The key is to use introspection to examine the call stack and get information about the calling function--the same function that wants to reliably reference the file within the package.

And of course, I eventaully refactored the function into a separate package so I could import it into multiple tests.

To derive this solution, I found the following resources very useful, and you might too: http://www.peterbe.com/plog/python-package-execution-path http://www.faqs.org/docs/diveintopython/regression_path.html http://aspn.activestate.com/ASPN/Cookbook/Python/Recipe/66062 http://docs.python.org/lib/module-sys.html


Trent Mick 17 years, 9 months ago  # | flag

use "__file__" Unless I am misunderstanding you should be able to use the __file__ attribute of a module for that.
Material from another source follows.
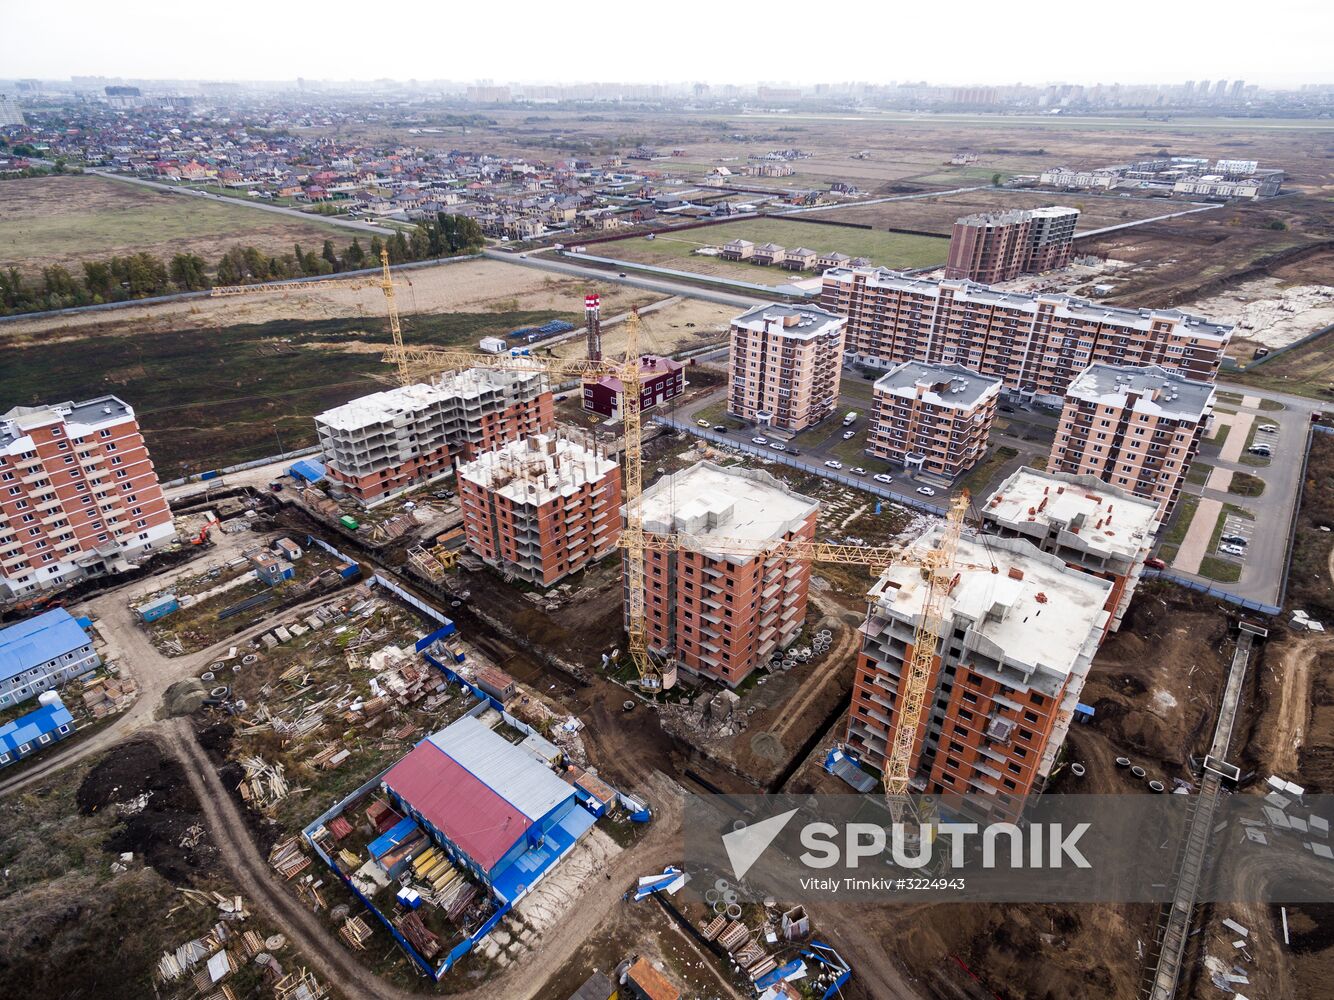 Housing construction in Krasnodar

print os.path.dirname(__file__)
adam smith (author) 17 years, 9 months ago  # | flag

I think that what you are describing was basically the way that Peter B. was doing it in the link above, which was in turn based on something done in Zope, except for it to work, you have to pass __file__ to the function in some way (unless I am the one who is misunderstanding...). I wanted to be able to just have the function correctly guess the caller's package, which is why I ended up using the introspection code. It was all for the sake of making the calling code simpler.

Let me know if I've missed your point.

Stephen McDonald 17 years, 8 months ago  # | flag

Patch. This is a great solution however when I imported a module that references the function by importing another module, sys._getframe(1) does not return a frame object and instead returns an object with a _frame attribute that contains the frame object. I don't understand the inner workings of Python enough to explain this however this patch fixes the function:

import os, sys, inspect
def execution_path(filename):
    frame = sys._getframe(1)
    if hasattr(frame, "_frame"):
        frame = frame._frame
    return os.path.join(os.path.dirname(inspect.getfile(frame)), filename)
Stephen McDonald 17 years, 8 months ago  # | flag

Patched again. I've since come across scenarios where inspect.getfile() still fails. A code object however seems to always be available and its file property can be used without needing the insepct module at all:

import os, sys
def execution_path(filename):
    return os.path.join(os.path.dirname(sys._getframe(1).f_code.co_filename), filename)
adam smith (author) 17 years, 7 months ago  # | flag

Thank you. Thank you for improving this approach!